Over the past two decades, the British economy has seen substantial change. Rising inequality, stagnant productivity and low growth compounded by a global pandemic and a series of supply shocks have left British citizens worse off than their counterparts in other countries (McCann, 2020; Carrascal-Incera et al, 2020). A refreshed economic policy aimed at responding to these challenges must recognise the complex interrelationship between inequality, growth and wellbeing – paying specific attention to entrenched inequality at the neighbourhood level.

When a new government takes office, this is the task they will face. Although it might seem like developing a plan for geographic inequality is secondary to each of these national problems, it is in fact at their root. Geographic inequality poses a barrier to economic growth in every part of the UK, places burden on public services, and leaves us ill-prepared and vulnerable to crisis (Lakner et al, 2016).

To grasp this nettle requires a return to neighbourhood-level intervention. The current focus on regenerating regions or whole towns and cities does not reflect the fact that deprivation is concentrated in certain neighbourhoods, with small pockets of poverty in otherwise affluent areas.

Research by OCSI carried out on behalf of Local Trust has identified the most vulnerable neighbourhoods.
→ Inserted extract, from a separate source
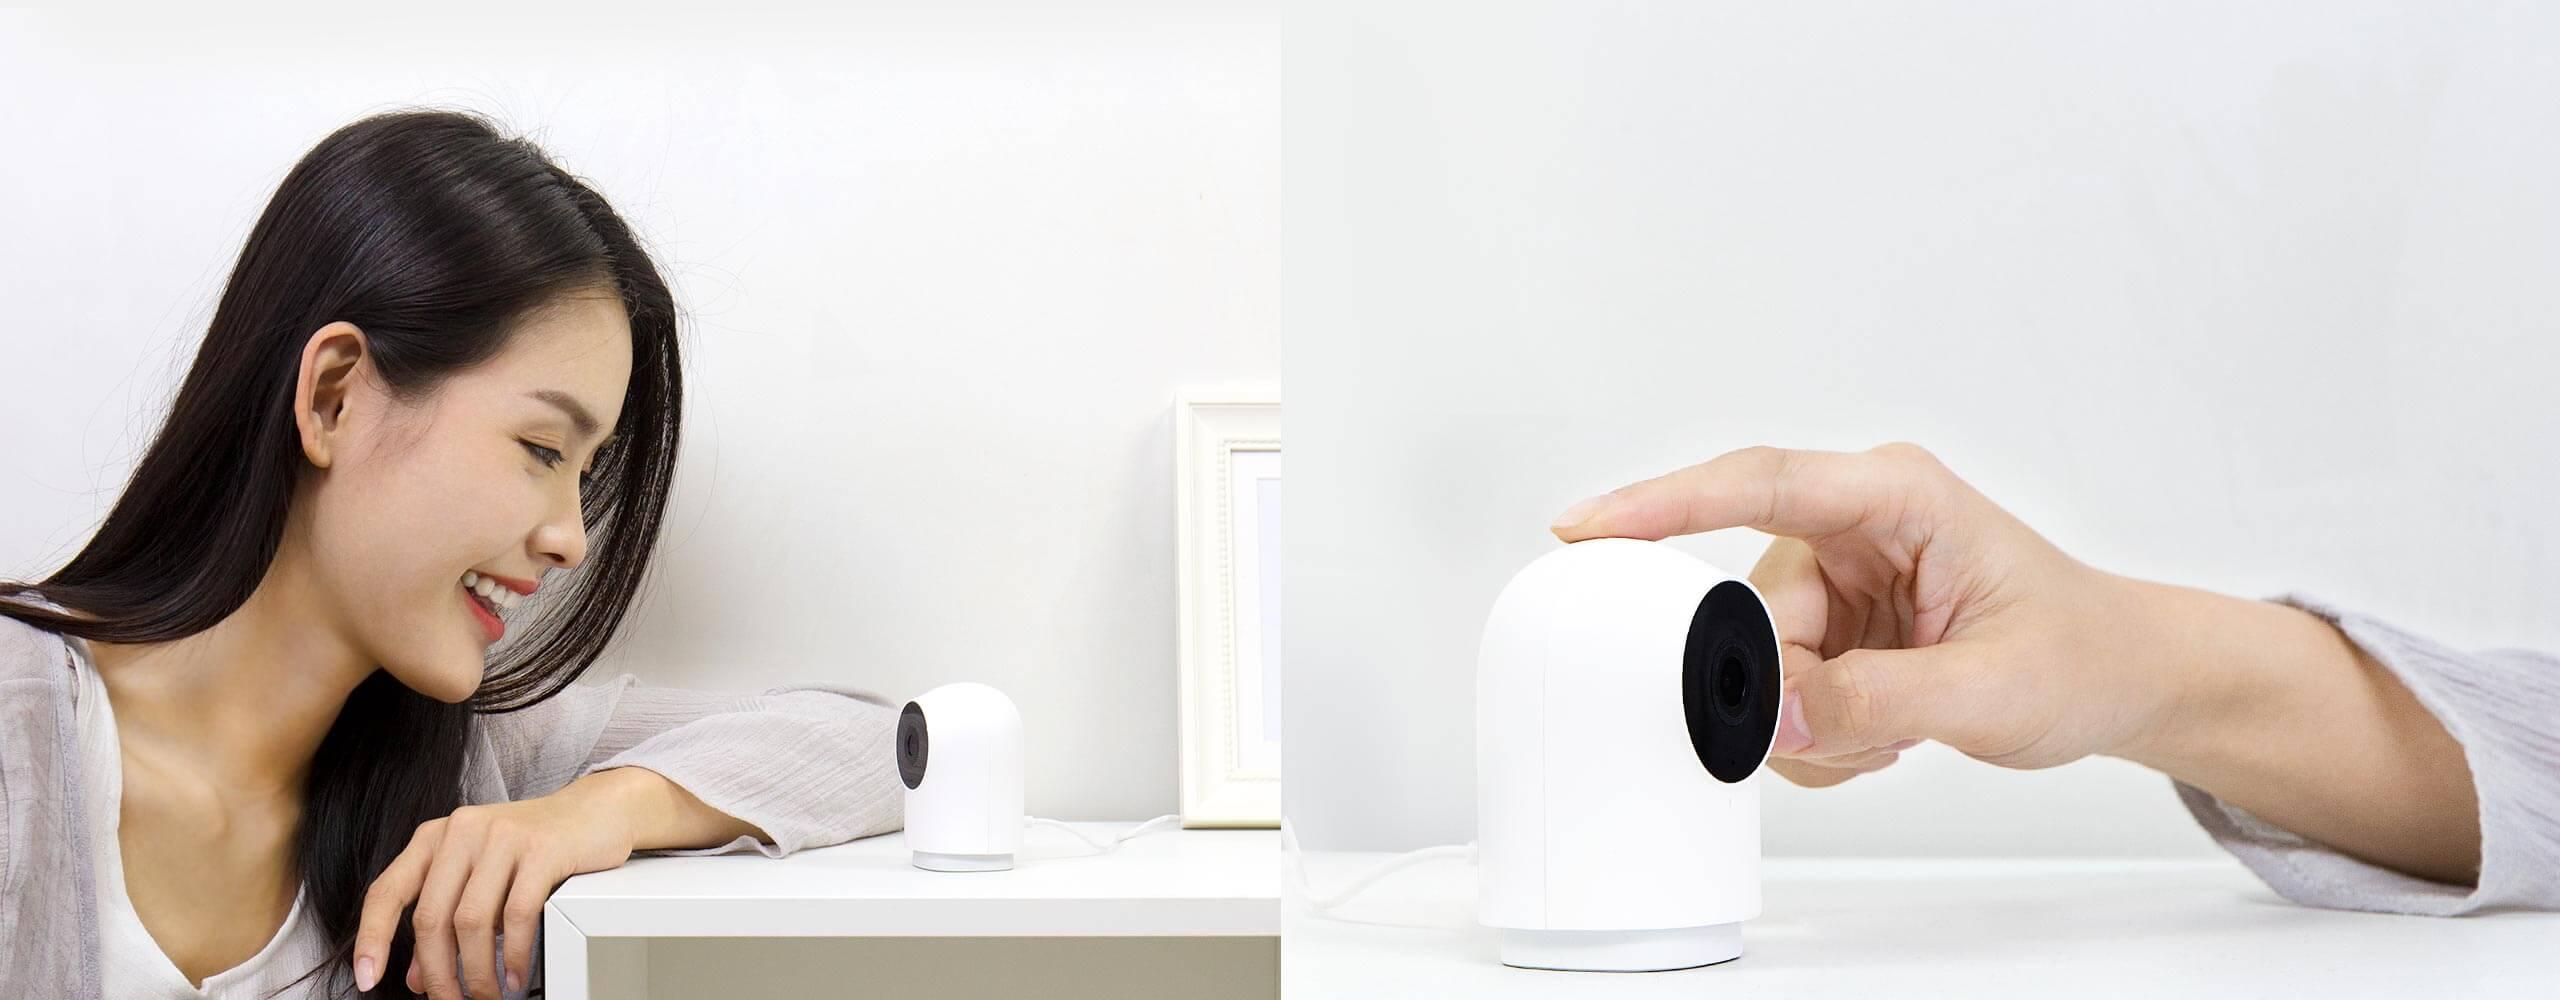 Aqara 智能摄像机 G2 - 双向语音一键视频留言

These are a clear starting point for the next government, where the weaknesses in our spatially unequal economy manifest most clearly. They suffer from the double disadvantage of high levels of deprivation combined with a lack of social infrastructure – where people’s life chances are worse across all metrics, from employment to education, health to transport.

We won’t be able to achieve ambitious change without improvement in these neighbourhoods – history teaches us that neighbourhood intervention works. Investment must be patient and long term, targeted in those areas that have missed out most in the past. And we must ensure that, in the future, no community ends up feeling left behind’ again.